▶ [Records to use]

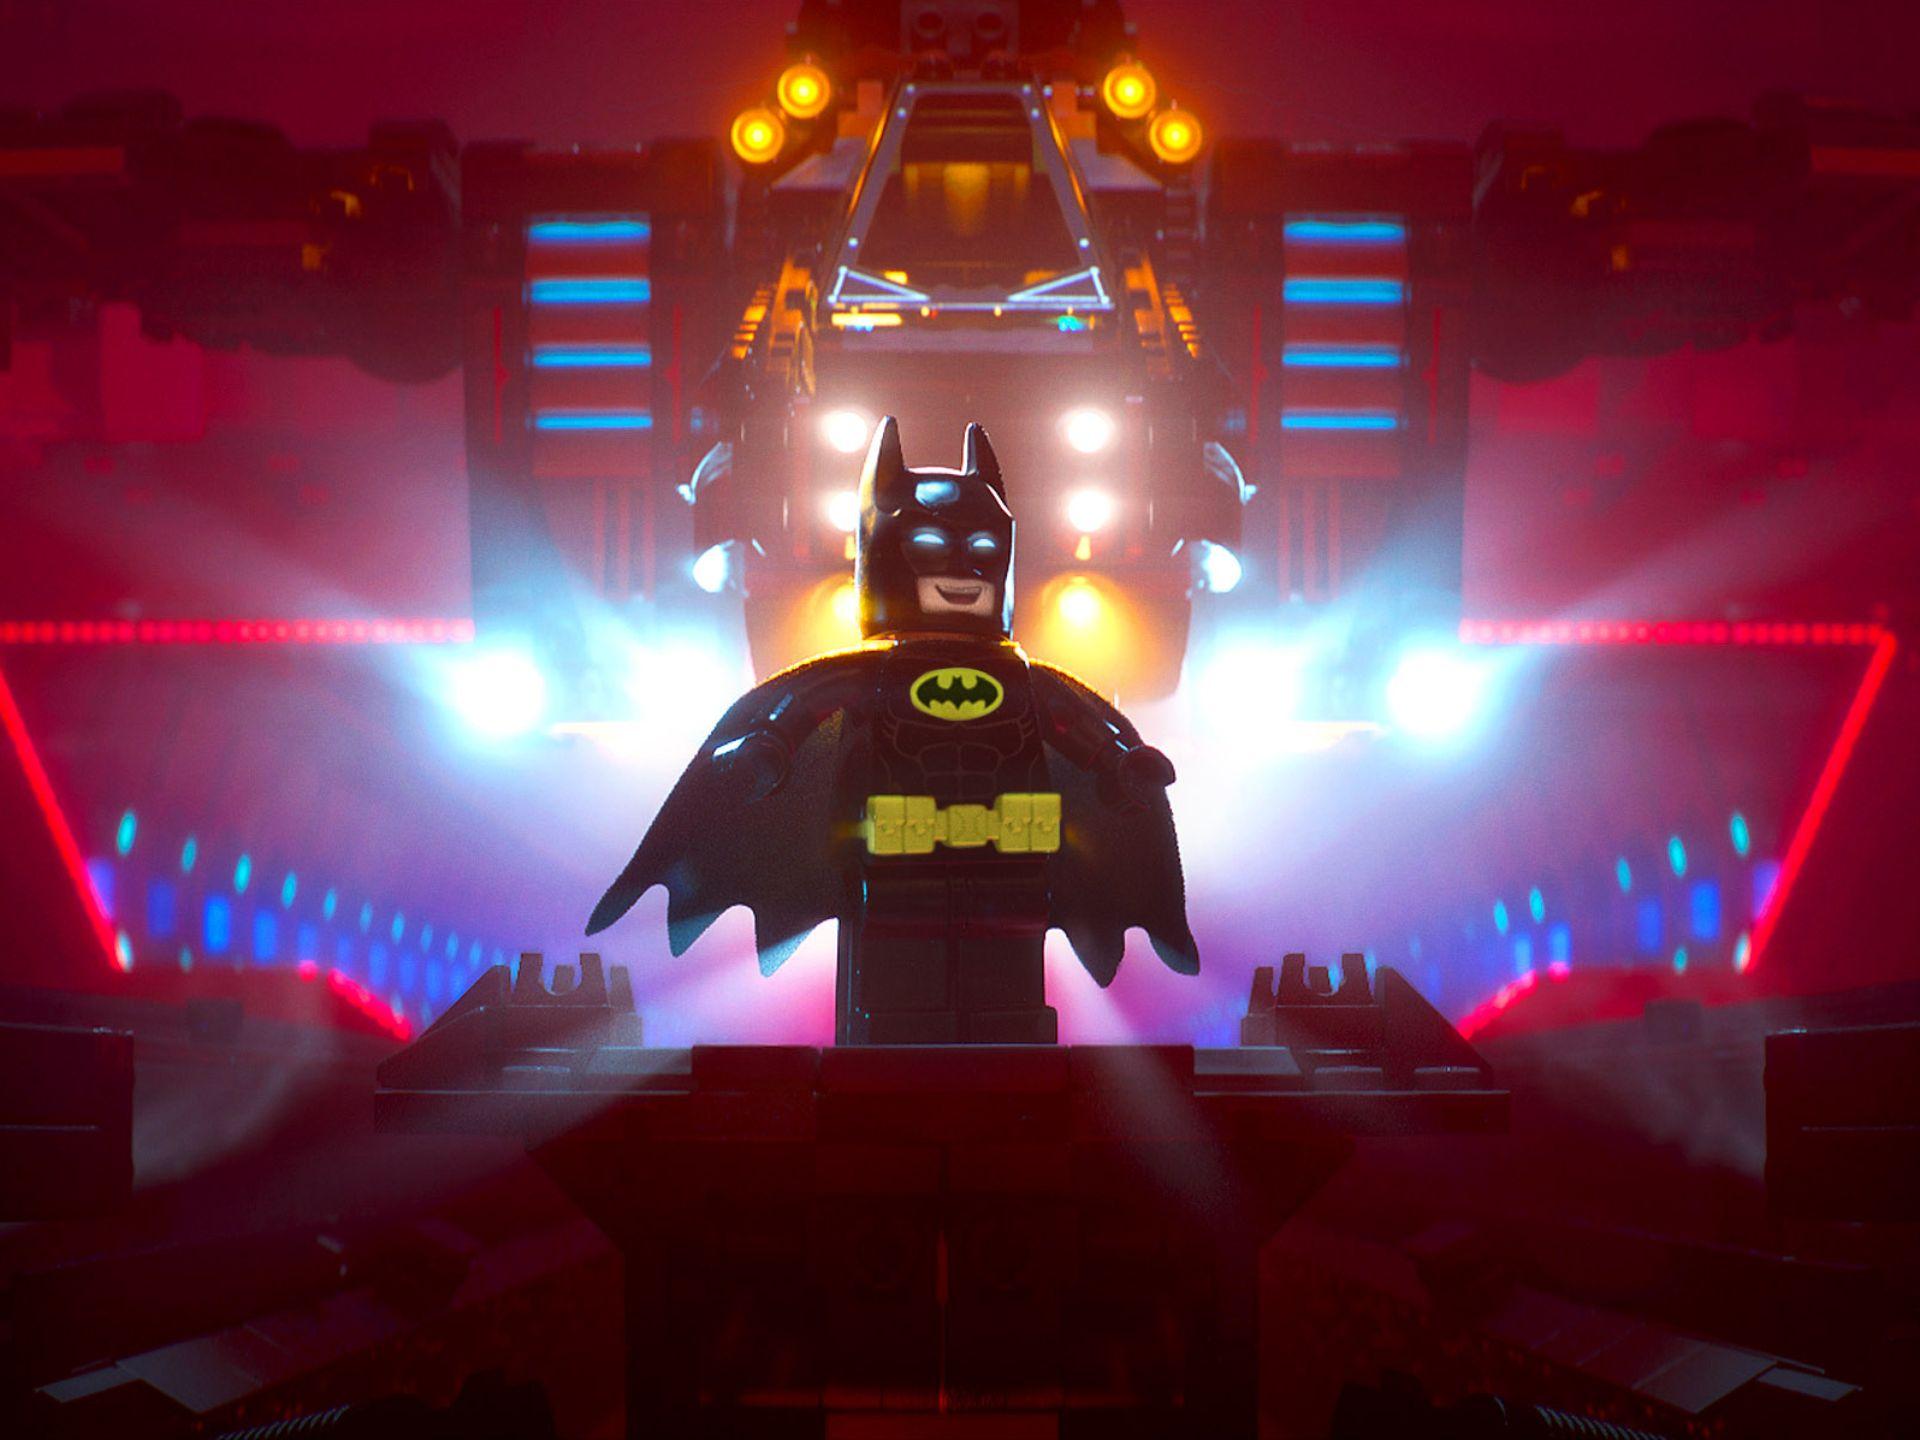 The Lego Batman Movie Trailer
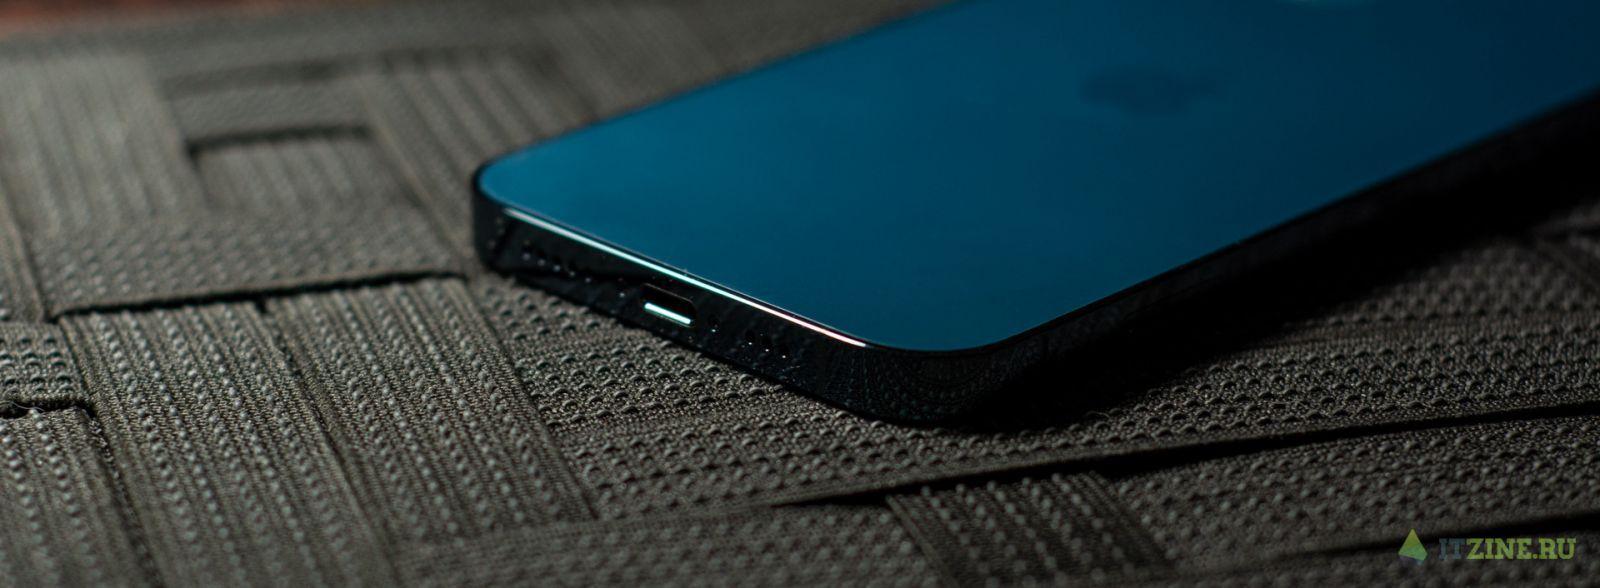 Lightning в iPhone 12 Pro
* * *
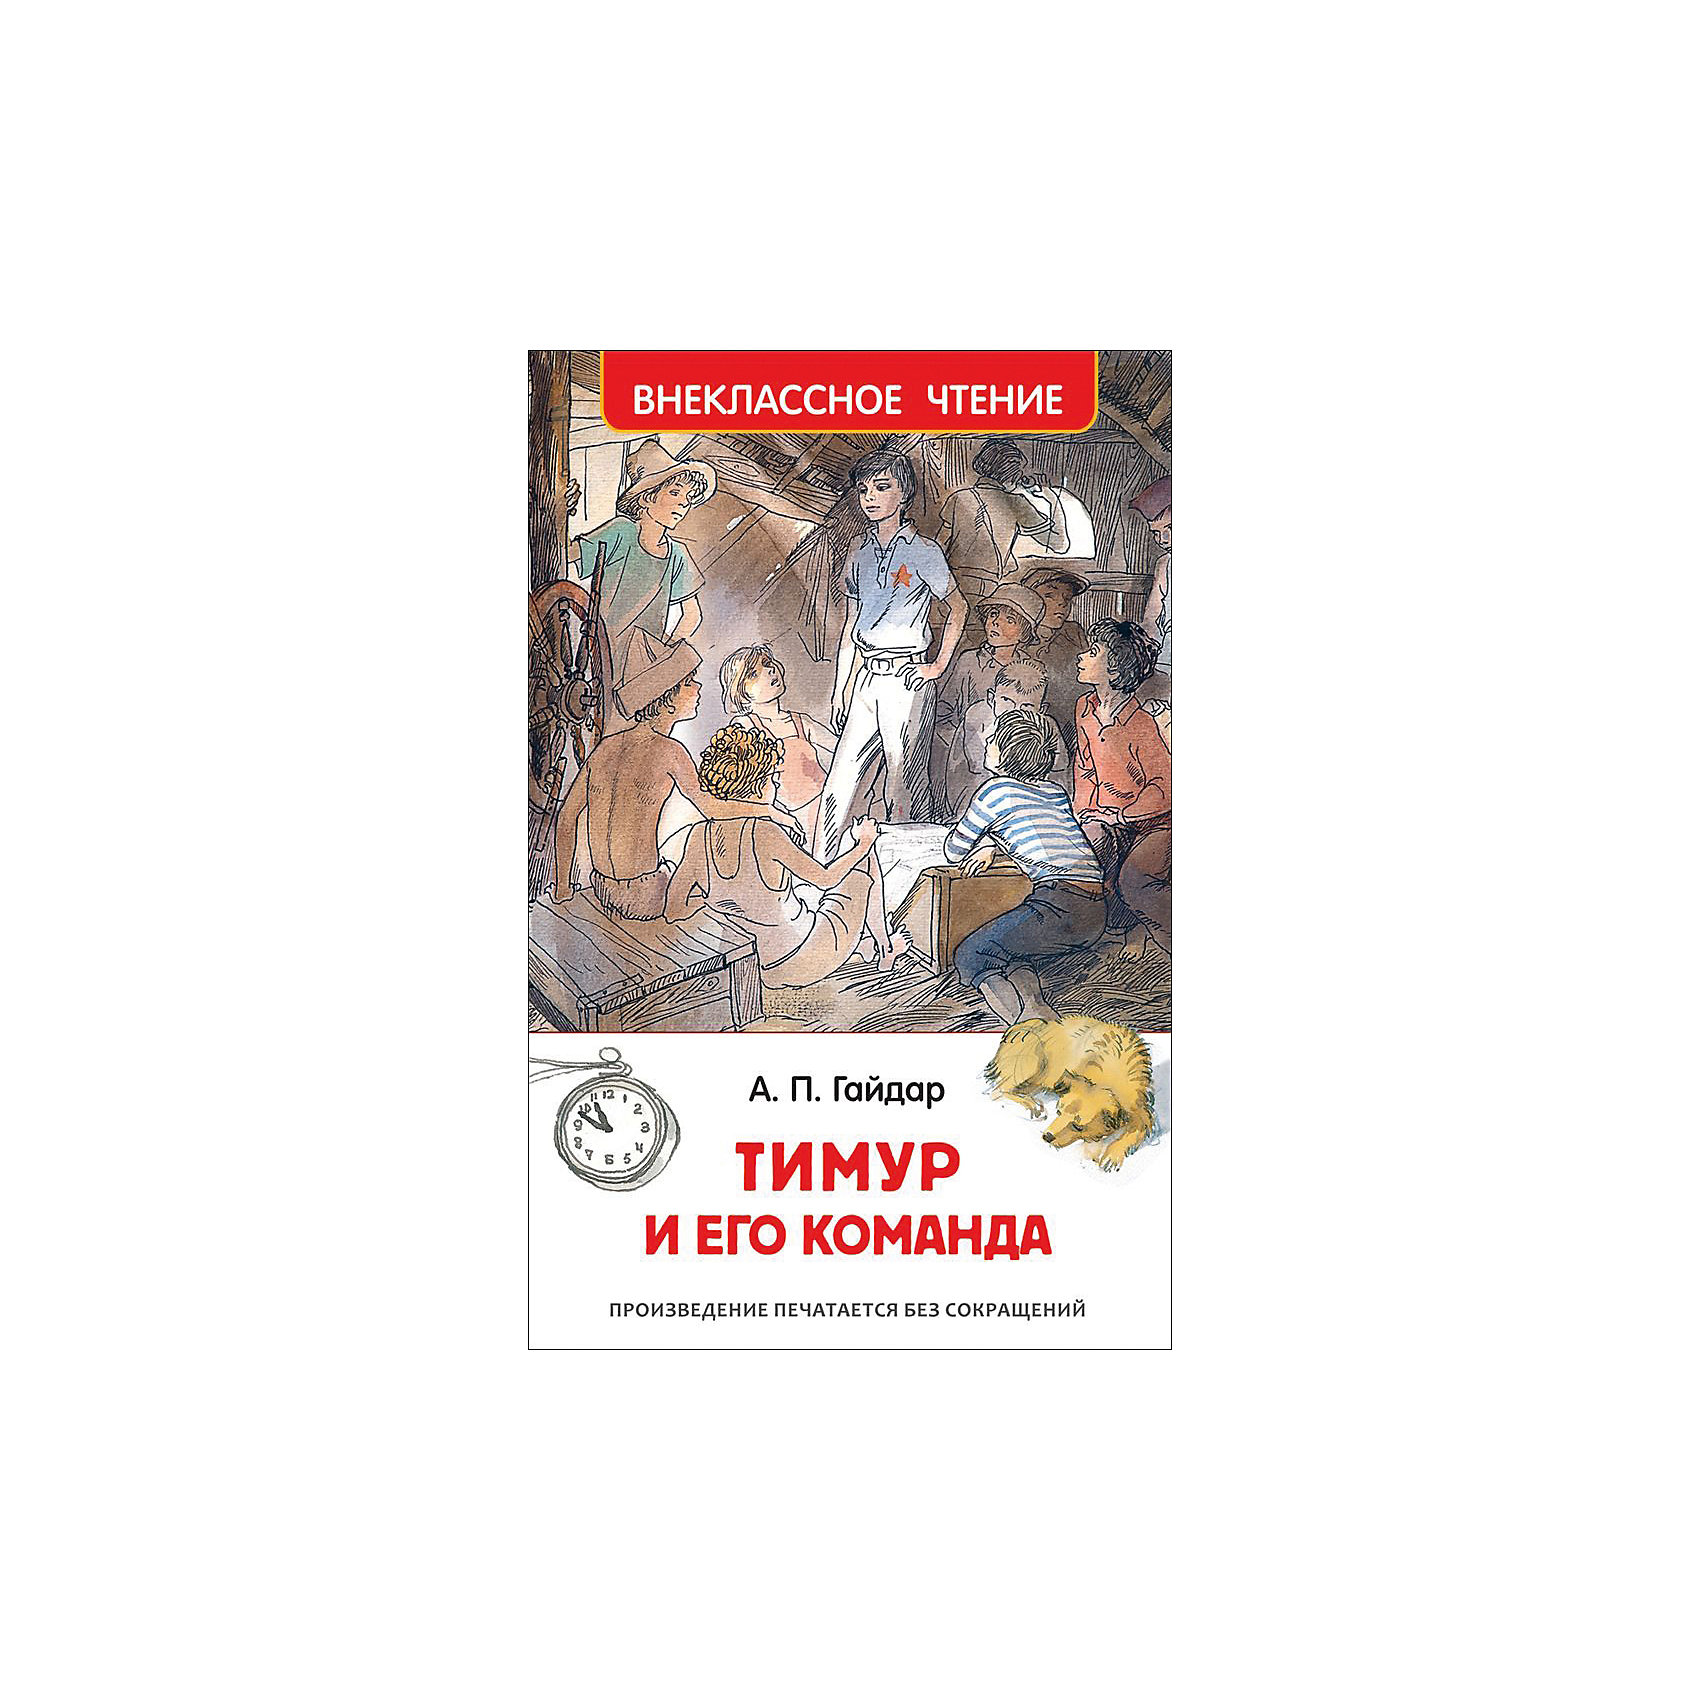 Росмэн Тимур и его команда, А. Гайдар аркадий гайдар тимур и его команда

▶ [Work task]
Return the lines above from the one with "The Lego Batman Movie Trailer" through the one with "Lightning в iPhone 12 Pro", verbatim and nothing else. Omit every picture.

▶ [Solution to this exercise]
 The Lego Batman Movie Trailer
 Lightning в iPhone 12 Pro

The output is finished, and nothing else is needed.